Link Posted: 11/26/2001 7:21:24 PM EST
I've been shooting IPSC for nearly 20yrs. 38 super for almost that much. Not sure what you plan to use this round for but if you use the factory loaded round it's really only a little better than a 9mm. The 38 super round in competion is another story! Handloaded in highly modified IPSC guns with ramped barrels can be loaded very "HOT" to make IPSC "major power factor", but once these pistols are modified to IPSC specs. with a comp most of them dont shoot factory loads very well if at all. If you plan to use the round for defense you'd be better off with a 45 acp or a 40s&w, If you plan on shooting IPSC the 38 super is hard to beat in open class- WELCOM TO THE DARK SIDE!
Link Posted: 11/27/2001 3:02:02 PM EST
Thanks for the advice guys. I recently acquired my purchase permit, and was deciding on a caliber for a general purpose range/protection gun. I have heard about .38 super before, but I just wanted to know a little more about it, as to build my knowledge about the various calibers available.
Link Posted: 11/27/2001 8:28:15 PM EST
A little more info..... Last I checked, the load from Cor-Bon for 38 Super and 357 Sig were near carbon copies. I have a Mark IV Series 80 in bright stainless steel (miror finish), factory wrap around grips and three dot sight. Fits the hand nicely. According to Colt, it's a 98 production. (You can see the 1991-A1 series chambers it too (a few are still out there.))Bought it to replace my dad's old one (it was retired from use, not sold). I can say one thing, the old ammo from Winchester, loose pack box, no styrafoam, IS MUCH hotter then the stuff they sell today. And that's 130grain bullet too!!! Sprinfeild Armory is selling a 38 Super. EAA has one also and if you find the hicap mags.... sweet. Sig chambered the Super in the P220 a while ago (no more)....found one of them too. Someone also said that there was a Tommy Gun chambered for 38 Super too, back in the 20's. That would be sweet. The 38 Super is a great round. When loaded properly, its much better then a 9mm. The 38 TJ round is a modified 38 Super. Has the same case dimentions, but is a true rimless. But it has internal webbing. It can be used in 38 Super guns.
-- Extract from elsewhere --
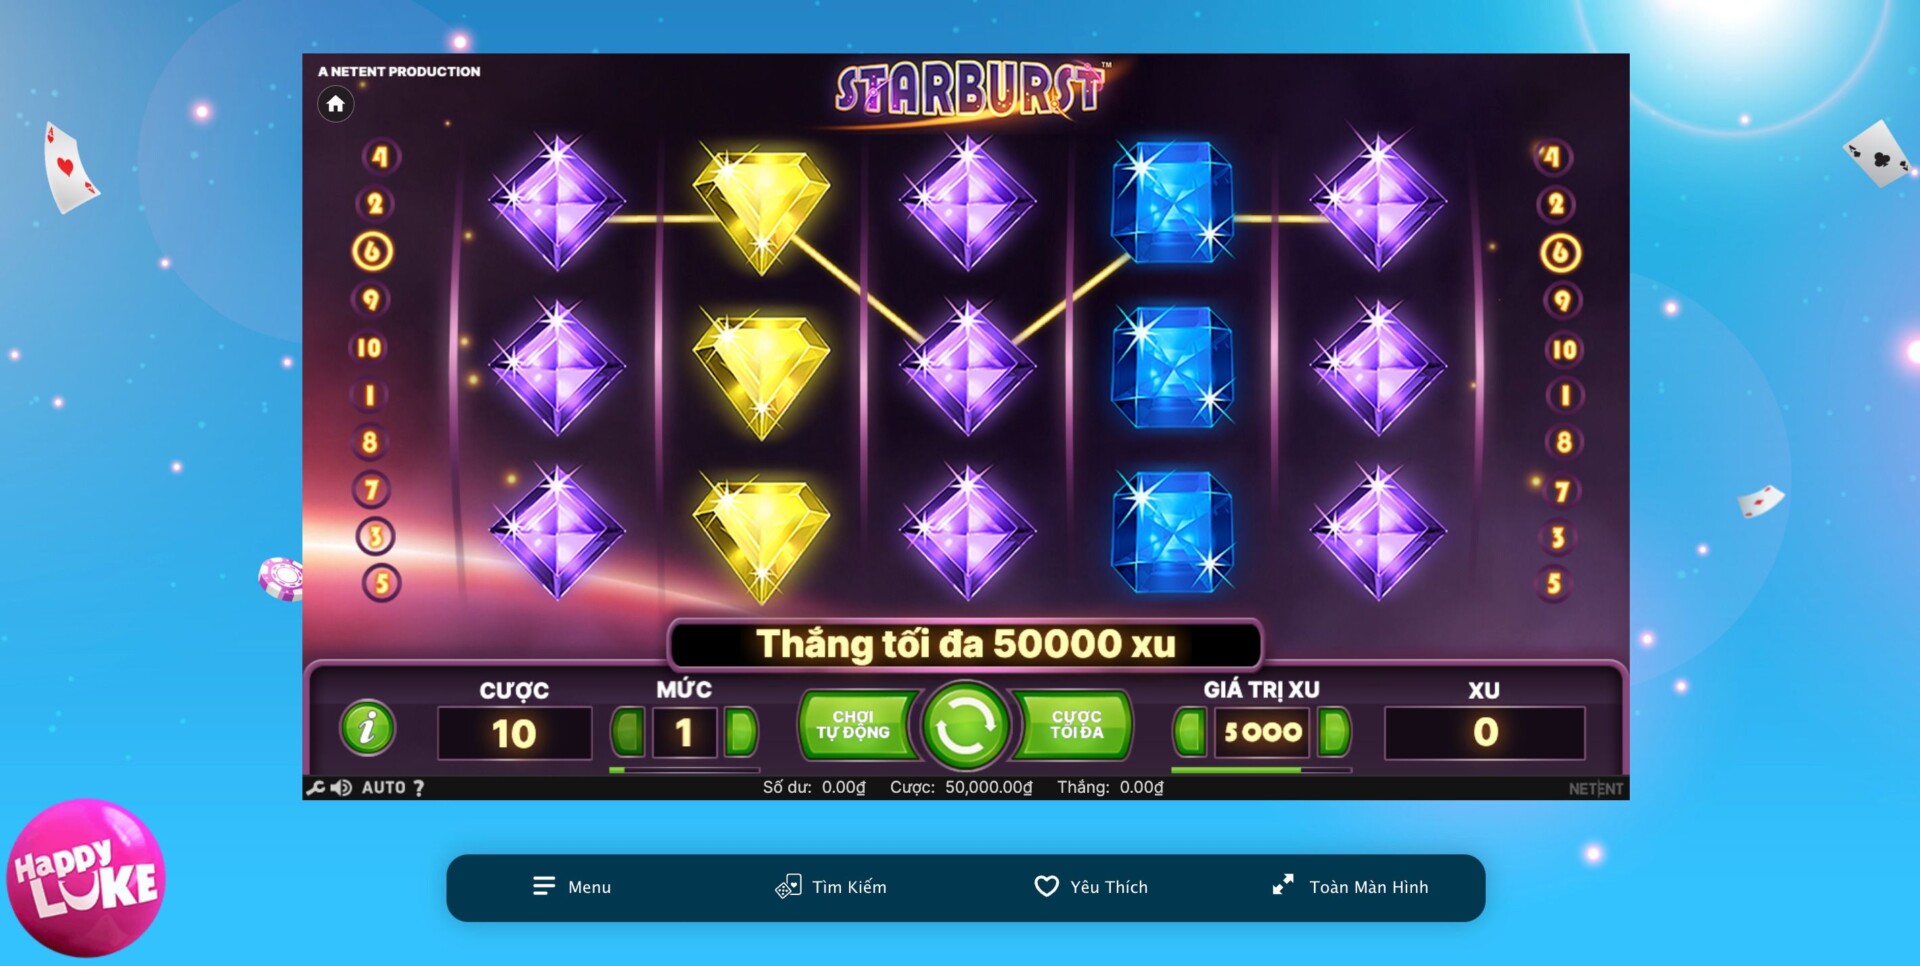 Cách chơi Slot game kim cương Starburst được đánh giá là có sự dễ hiểu

I think it allows a warm load in the unsuported barrel guns. But caution is advised.
Link Posted: 11/27/2001 9:31:51 PM EST
Any time you find fired .38 super cases you can assume it's been fired by mexican immigrants. IPSC guys police their brass.
Link Posted: 11/28/2001 5:33:39 AM EST
they may think they police it up but Dick "Brass Magnet" Holliday is the final solution.............Dick
Link Posted: 11/28/2001 6:49:33 AM EST
There's a fella named Dane Burns who's a gunsmith and an extreme advocate of the .38 sooper as a defense cartridge. He's got a website that I don't remember the URL of. Try a web search on his name & see what pops up. He's reputed to be quite a character, though I don't know him personally.